EXERCISE
The data should be duplicated exactly, with every word kept as it is.

MATERIALS PROVIDED
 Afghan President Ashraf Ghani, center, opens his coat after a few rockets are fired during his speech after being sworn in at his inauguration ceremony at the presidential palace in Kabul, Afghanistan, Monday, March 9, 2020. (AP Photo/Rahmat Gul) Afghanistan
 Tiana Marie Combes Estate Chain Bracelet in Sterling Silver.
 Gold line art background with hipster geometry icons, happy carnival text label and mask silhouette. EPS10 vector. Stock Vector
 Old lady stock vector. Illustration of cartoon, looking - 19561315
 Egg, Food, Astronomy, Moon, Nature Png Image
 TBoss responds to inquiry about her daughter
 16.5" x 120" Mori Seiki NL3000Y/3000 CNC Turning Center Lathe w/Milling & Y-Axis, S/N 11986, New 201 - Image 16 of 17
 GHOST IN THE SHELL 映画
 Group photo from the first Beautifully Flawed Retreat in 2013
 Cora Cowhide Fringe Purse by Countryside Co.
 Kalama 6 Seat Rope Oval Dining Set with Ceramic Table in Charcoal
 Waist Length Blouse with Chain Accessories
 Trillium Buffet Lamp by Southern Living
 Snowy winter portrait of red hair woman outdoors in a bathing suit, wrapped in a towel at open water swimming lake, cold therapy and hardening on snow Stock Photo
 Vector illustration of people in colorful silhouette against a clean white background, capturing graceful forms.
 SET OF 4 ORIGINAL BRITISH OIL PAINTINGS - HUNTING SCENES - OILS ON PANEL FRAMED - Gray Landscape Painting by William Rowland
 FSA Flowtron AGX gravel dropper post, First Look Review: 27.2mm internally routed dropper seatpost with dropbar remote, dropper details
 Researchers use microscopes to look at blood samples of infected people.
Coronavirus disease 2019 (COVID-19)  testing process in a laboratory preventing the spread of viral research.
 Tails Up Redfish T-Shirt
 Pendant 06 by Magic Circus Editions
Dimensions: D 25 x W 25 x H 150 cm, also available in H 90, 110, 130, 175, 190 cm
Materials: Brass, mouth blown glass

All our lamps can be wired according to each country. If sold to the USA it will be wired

ANSWER TO THIS EXERCISE
 Afghan President Ashraf Ghani, center, opens his coat after a few rockets are fired during his speech after being sworn in at his inauguration ceremony at the presidential palace in Kabul, Afghanistan, Monday, March 9, 2020. (AP Photo/Rahmat Gul) Afghanistan
 Tiana Marie Combes Estate Chain Bracelet in Sterling Silver.
 Gold line art background with hipster geometry icons, happy carnival text label and mask silhouette. EPS10 vector. Stock Vector
 Old lady stock vector. Illustration of cartoon, looking - 19561315
 Egg, Food, Astronomy, Moon, Nature Png Image
 TBoss responds to inquiry about her daughter
 16.5" x 120" Mori Seiki NL3000Y/3000 CNC Turning Center Lathe w/Milling & Y-Axis, S/N 11986, New 201 - Image 16 of 17
 GHOST IN THE SHELL 映画
 Group photo from the first Beautifully Flawed Retreat in 2013
 Cora Cowhide Fringe Purse by Countryside Co.
 Kalama 6 Seat Rope Oval Dining Set with Ceramic Table in Charcoal
 Waist Length Blouse with Chain Accessories
 Trillium Buffet Lamp by Southern Living
 Snowy winter portrait of red hair woman outdoors in a bathing suit, wrapped in a towel at open water swimming lake, cold therapy and hardening on snow Stock Photo
 Vector illustration of people in colorful silhouette against a clean white background, capturing graceful forms.
 SET OF 4 ORIGINAL BRITISH OIL PAINTINGS - HUNTING SCENES - OILS ON PANEL FRAMED - Gray Landscape Painting by William Rowland
 FSA Flowtron AGX gravel dropper post, First Look Review: 27.2mm internally routed dropper seatpost with dropbar remote, dropper details
 Researchers use microscopes to look at blood samples of infected people.
Coronavirus disease 2019 (COVID-19)  testing process in a laboratory preventing the spread of viral research.
 Tails Up Redfish T-Shirt
 Pendant 06 by Magic Circus Editions
Dimensions: D 25 x W 25 x H 150 cm, also available in H 90, 110, 130, 175, 190 cm
Materials: Brass, mouth blown glass

All our lamps can be wired according to each country. If sold to the USA it will be wired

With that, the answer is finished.